The most dramatic UN climate report to date: “This is a red alarm for mankind”

The Intergovernmental Panel for Climate Change (IPCC) announced at the COP26 conference in Glasgow, Scotland the most comprehensive assessment to date – confirming that the harmful impact of humanity on climate is a fact –   according to the claims of UN scientists in a study which is the result of long-standing analyses of numerous research findings and work of hundreds of scientists.

As reported by the Guardian, the authors of the climate report ‘ARG Climate Change 2021: The Physical Science Basis’, point out that a two meters sea-level rise cannot be excluded until the end of the century. They warned that in the next two decades the temperature will rise by 1.5 degrees Celsius above preindustrial levels.  That would breach the goals of the Paris Climate Agreement and bring about widespread devastation and extreme weather. However, hope exists that a significant reduction of greenhouse emissions could stabilize the rise of temperature.

“This report sounds a red alarm for humanity. If we unite forces now, we can prevent the climate catastrophe. However, as the report clearly implies there is no time for delays, or is there a place for excuses. I’m counting on the heads of government and all interested parties to ensure the success of COP26”, the UN Secretary-General Antonio Guterres said.

One of the authors of the report, Ed Hawkins underlined that scientists could not be clearer – human activity has warmed up the atmosphere, oceans, and land. “That is a fact and we cannot be more certain of it. It is unmistakable and undeniable that people are warming up the planet”, Hawkins, professor at the Reading University in the UK, pointed out.

The report states that the period from 1970 had the highest registered rise in temperature than in any other period in a 50-year span in the course of the last two thousand years. Warming already has an impact on numerous weather extremes throughout the planet. Heatwaves in Greece and North America as well as floods in Germany and China were given as examples. The global surface temperature in the decade from 2011 to 2020 was 1.09 degrees Celsius higher than in the decades between 1850 and 1900, and the last five years have been the warmest since the beginnings of recordings, 151 years ago. The recent sea-level rise tripled in comparison with the period from 1901 to 1971.

Scientists also believe that human activity is the main cause of the melting of ice on the Arctic and warn that the Arctic could lose its ice at least once in the period from September to 2050. They also claim that the mountain and polar icebergs will continue to melt in the next decades and centuries. The oceans will be increasingly warmer and more acid and frequent extreme tidal events and floods could appear. As far as the rise of the sea level is concerned,  scientists emphasized that it could include the possibility of rising by approximately two meters by the end of this century or by five meters by 2150. Although such rises are not probable, they would threaten millions of people in the coastal areas.  They also added that fires would become more frequent.

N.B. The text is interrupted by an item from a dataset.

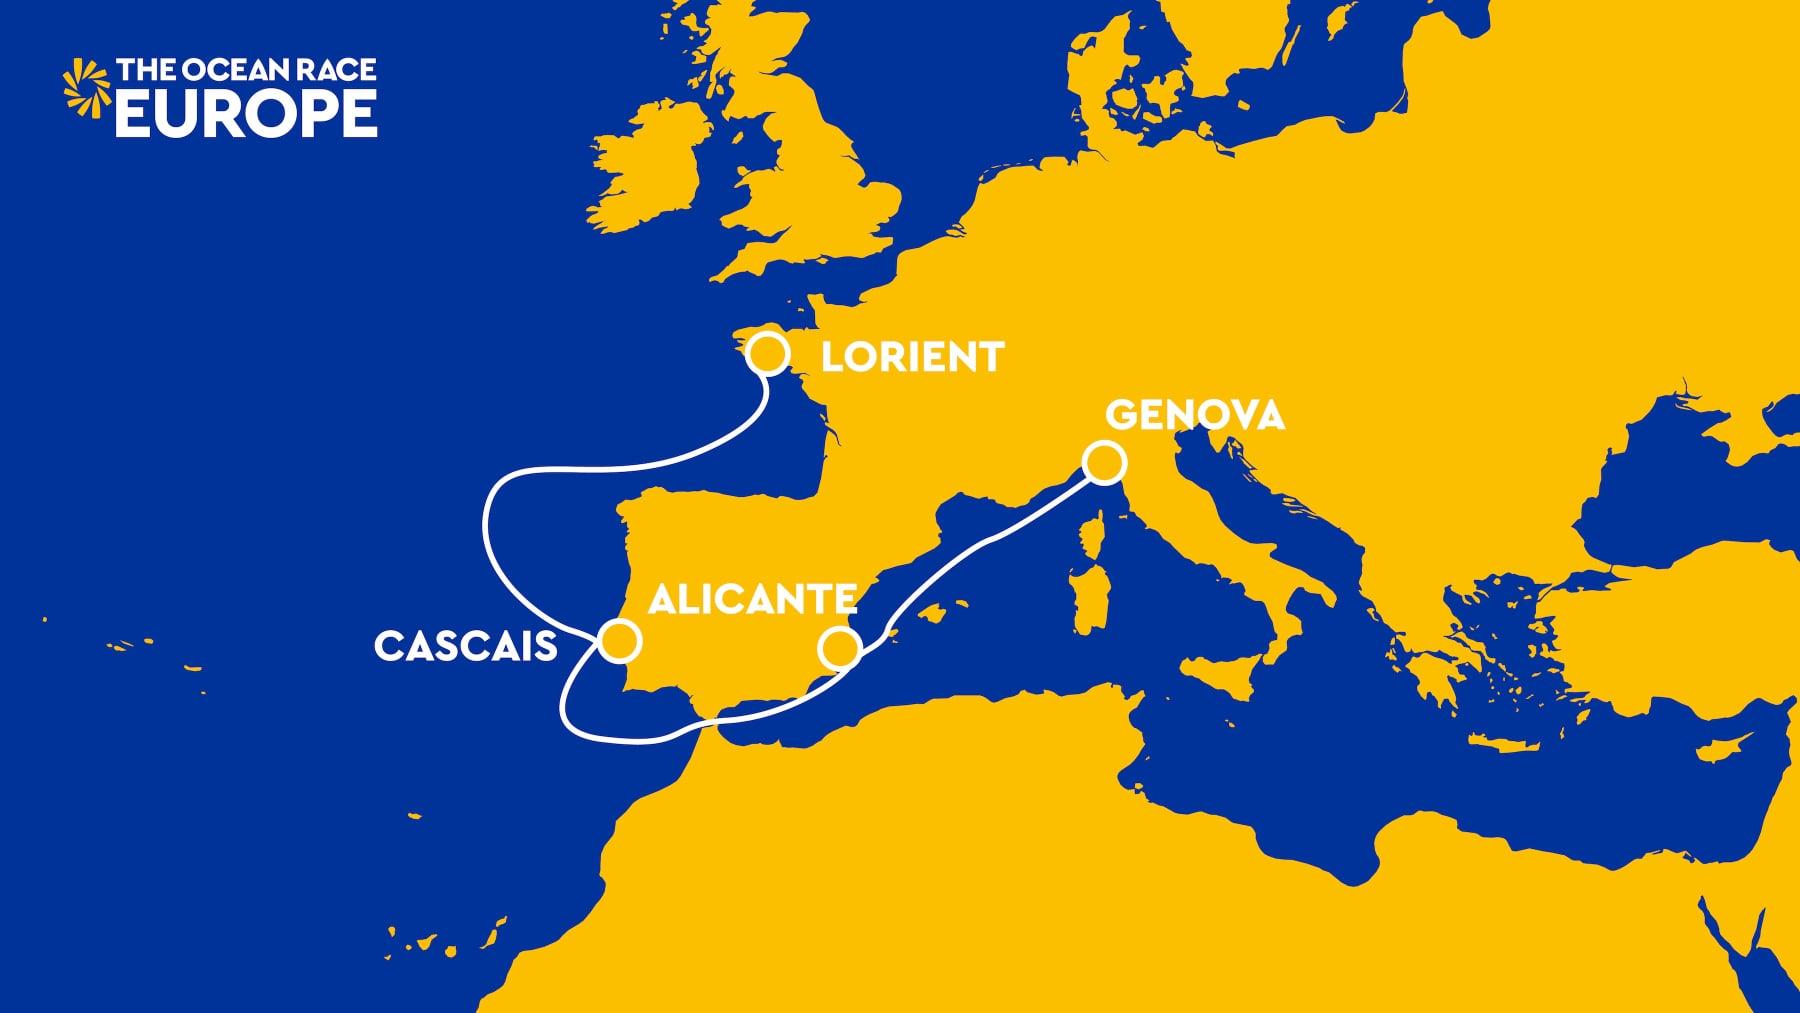 Ocean Race route

According to the Paris Agreement, signed by almost all world countries, the goal is to prevent the rise of global temperature below 2 degrees Celsius in this century with the intention of maintaining the temperature rise below 1.5 degrees. Both limits will be surpassed in this century if a considerable reduction of greenhouse gases does not take place. Scientists believe that a rise of 1.5 degrees will be reached by 2040 or even earlier if emissions are not reduced.

Scientists are hopeful that the warming could be stopped or temperature rises reversed even reversed if emissions were reduced by half to 2030 and brought down to net zero by the mid-century.